自此等附圖進一步可知加權函數(加點標記之實線，線1940、2040、2240)所涵蓋的時域樣本之總範圍係比兩個輸入樣本訊框略長。更精確言之，本實例中，需要2*N+0.5*N以時域編碼的樣本來填補由未藉基於LD-MDCT之編解碼器所編碼的兩個訊框(每框有N個新的輸入樣本)。舉例言之，若N=512，則於時域須編碼2*515+256時域樣本，而非2*512頻譜值。如此，藉由切換至時域編解碼器及返回，只導入半個訊框之額外處理資料量。It will further be apparent from the figures that the total range of time domain samples covered by the weighting function (solid lines with dotted marks, lines 1940, 2040, 2240) is slightly longer than the two input sample frames.
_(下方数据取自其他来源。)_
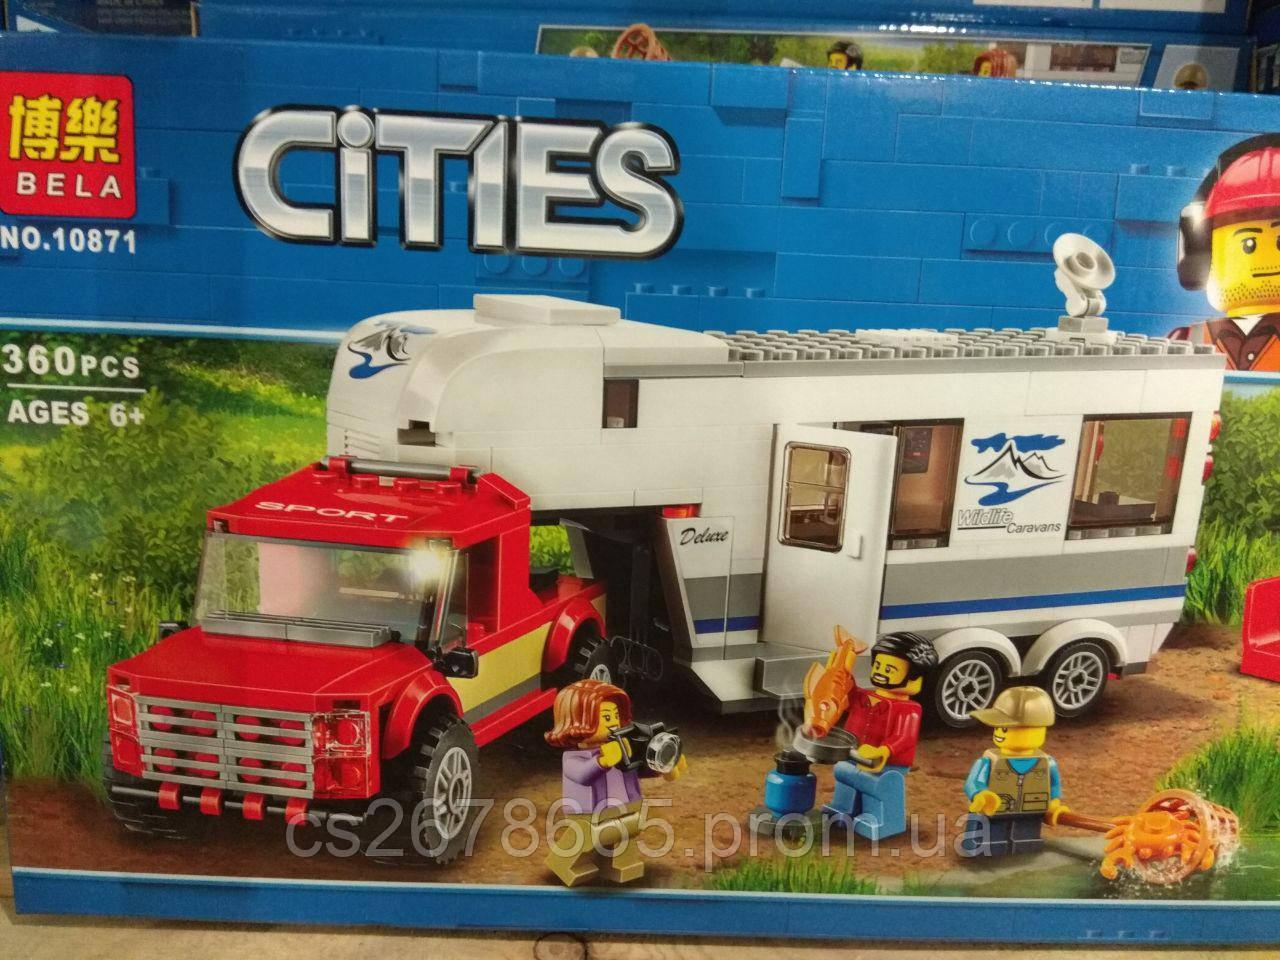 Конструктор CITIES 10871 (аналог Lego City 60182) «Пикап и фургон, дом на колесах» 360 дет.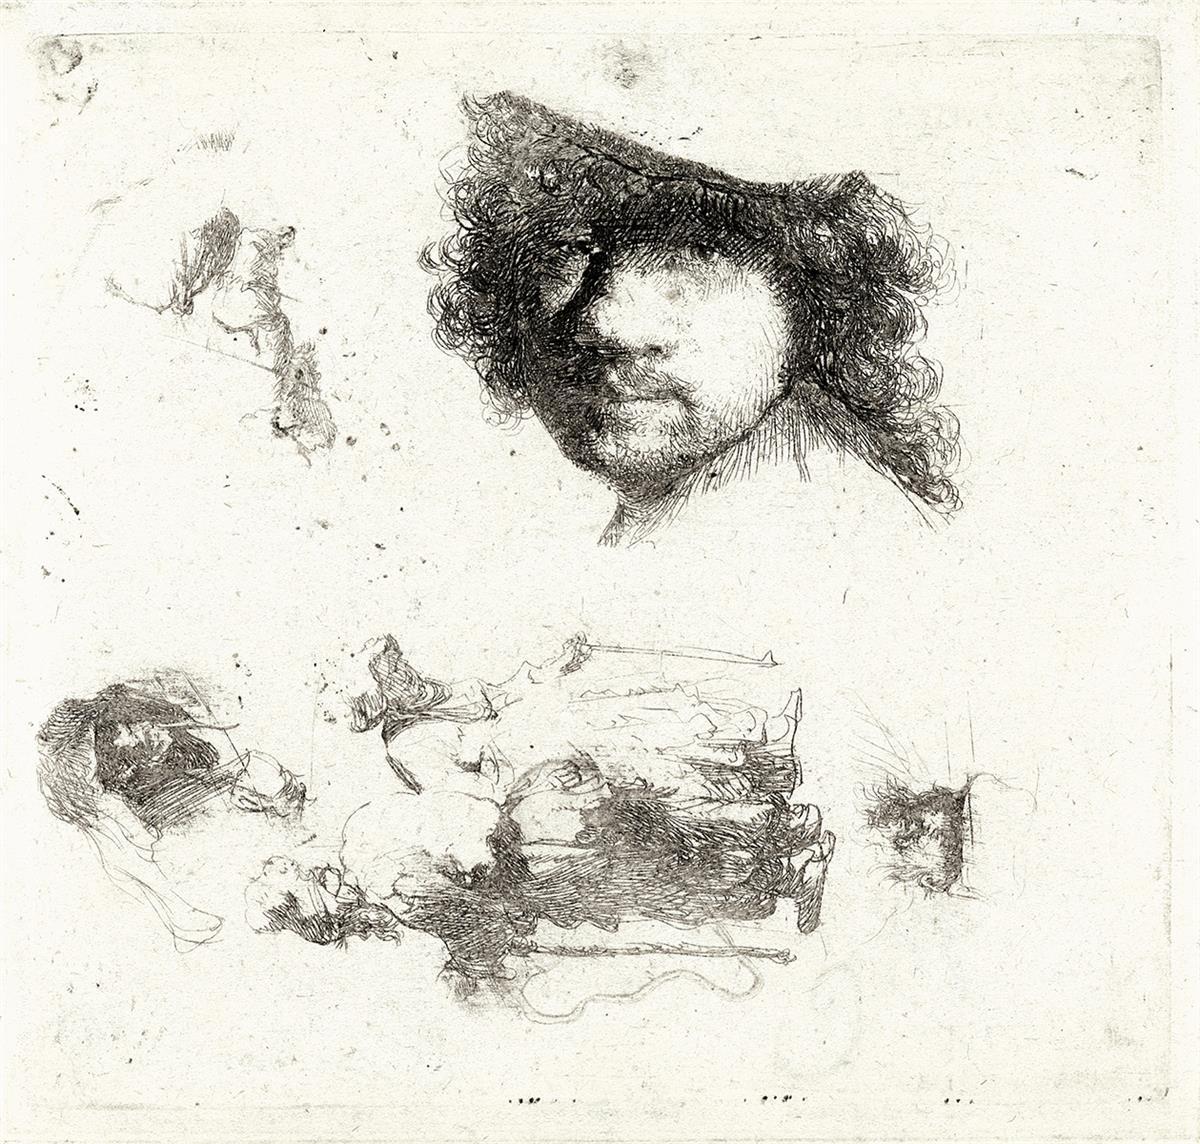 REMBRANDT-VAN-RIJN-Sheet-of-Studies-Head-of-the-Artist-A-Beg

More precisely, in this example, 2*N+0.5*N is required to encode the two frames encoded by the LD-MDCT-based codec with time-domain coded samples (N new per frame) Input sample). For example, if N=512, the time domain must encode 2*515+256 time domain samples instead of 2*512 spectral values. Thus, by switching to the time domain codec and returning, only the amount of additional processing data for half of the frames is imported.

後文將敘述有關時域頻疊之若干細節。變遷至時域編解碼器及返回變換編解碼器時，蓄意地導入時域頻疊來抵消由鄰近LD-MDCT所編碼之訊框所導入的時域頻疊。舉例言之，時域頻疊可藉頻疊抵消信號提供器360所導入。以點線標記的且標示以1950a、1950b、2050a、2050b、2250a、2250b之虛線表示此項運算的加權函數。時域編碼信號乘以此項加權函數，及然後分別以時間反相方式加至開窗時域信號或自其中扣除。Some details about the time domain overlap will be described later. When transitioning to the time domain codec and returning the transform codec, the time domain overlap is deliberately introduced to cancel the time domain overlap introduced by the frame encoded by the adjacent LD-MDCT. For example, the time domain frequency stack can be imported by the frequency offset cancellation signal provider 360. The weighting function of this operation is indicated by dashed lines marked with dotted lines and indicated by 1950a, 1950b, 2050a, 2050b, 2250a, 2250b. The time domain coded signal is multiplied by the weighting function and then added to or subtracted from the windowed time domain signal in a time-inverted manner, respectively.

4.5. According to the opening window of Figure 24

後文中，將敘述變遷長度的其它設計。In the following, other designs of transition lengths will be described.

更靠近觀察第20圖之分析序列及第22圖之合成序列，可知變遷窗並非彼此的確切時間反相版本。合成變遷窗並非彼此的確切時間反相版本。合成變遷窗(第23a圖)具有比分析變遷窗(第21a圖)更短的非零部分。對分析及合成二者，較長版本及較短版本皆屬可能且可不相干地選用。但由於數種理由故其係以此種方式選用(如第20及22圖所示)。為了進一步闡釋，有兩項選擇之版本係以不同方式作圖於第24圖。Looking closer to the analysis sequence of Figure 20 and the synthetic sequence of Figure 22, it is known that the transition windows are not exact time-inverted versions of each other. Synthetic transition windows are not exact time-inverted versions of each other. The synthetic transition window (Fig. 23a) has a shorter non-zero portion than the analysis transition window (Fig. 21a). For both analysis and synthesis, longer versions and shorter versions are possible and can be used irrelevantly. but It is chosen in this way for several reasons (as shown in Figures 20 and 22). For further explanation, there are two versions of the selection that are plotted in Figure 24 in a different manner.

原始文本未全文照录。